Every time there is a building program in the Bible, it is always accompanied by a great spiritual revival. When Christians pray for a revival, exactly what are we praying for? If you have spent any time in a Baptist church, you might think about a series of meetings during which a church invites an evangelist to come in and reach unbelievers with the gospel. Of course, you have all kind of gimmicks to get unbelievers to come out to the revival service. On children’s nights, you give an iPad to the kid who brings the most guests with him. Then on youth nights, you bring a Christian band, and on adult nights, you give every Sunday school class a pew to fill. That is what we think of when we think of revival. But in the Bible, revivals were not aimed at unbelievers; they were aimed at believers. Think about it: you cannot revive something that is spiritually dead. People without Christ do not need resuscitation–they need resurrection. Revival is for God’s people. Anytime you have a revival in the Bible, it occurred when people who were believers become lethargic in their walk with God, and God awakened them. Here is a good definition of revival: revival occurs when the Spirit of God using the Word of God motivates the people of God to obey the will of God.

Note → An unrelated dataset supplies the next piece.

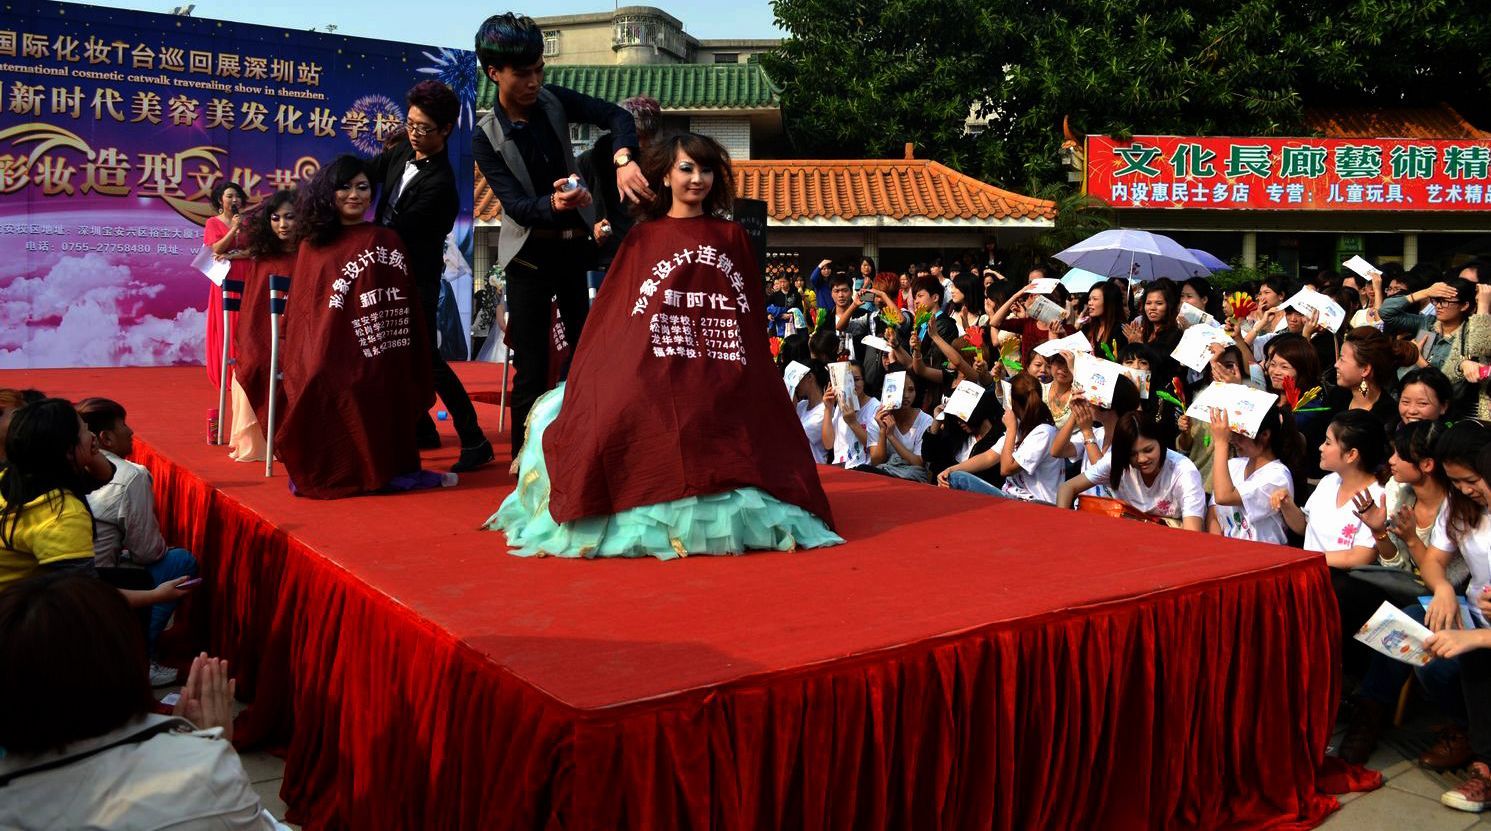 深圳美发学校,新时代美发班学员正在表演发型造型秀

Do you want a revival in your life? Do you want to regain that excitement you once had in your relationship with God? If so, Nehemiah 8 is for you. We see a shift of emphasis at this point in the book of Nehemiah. The focus of the first seven chapters is on the material needs of the city, but beginning in chapter 8, the focus is on the spiritual needs of the people. The action in the first seven chapters is the construction of the wall, but the second half of the book deals with the instruction of the people. And finally, the main character in the first seven chapters is Nehemiah, but when we come to chapter 8, the main character is Ezra.

God used three specific men in the return back to Jerusalem. The first guy was Zerubbabel. He came with the first group in 516 BC to rebuild the temple. Then in 458 BC the second man came back. That was Ezra, who was a religious leader. His job was to reinstitute the worship that was to occur in the temple. Unfortunately, he was not very successful in doing that. Fourteen years later, Nehemiah came back with the third group of people. His job was to rebuild the wall, and he did so in just fifty-two days. But that was not Nehemiah’s ultimate purpose. More than just building a wall, God wanted to build a community of devoted believers who would be His representatives in the culture. That is what Nehemiah’s ultimate purpose was. And just as God wanted to renew a group of His followers in Jerusalem, God wants to do that same kind of renewal work in our hearts as well. If you long for a renewal of your relationship with God, if you want that vibrancy restored to your relationship with your Creator, Nehemiah 8 has three ingredients for a true spiritual revival.


Today’s devotion is excerpted from “Recipe For Revival” by Dr. Robert Jeffress, 2010.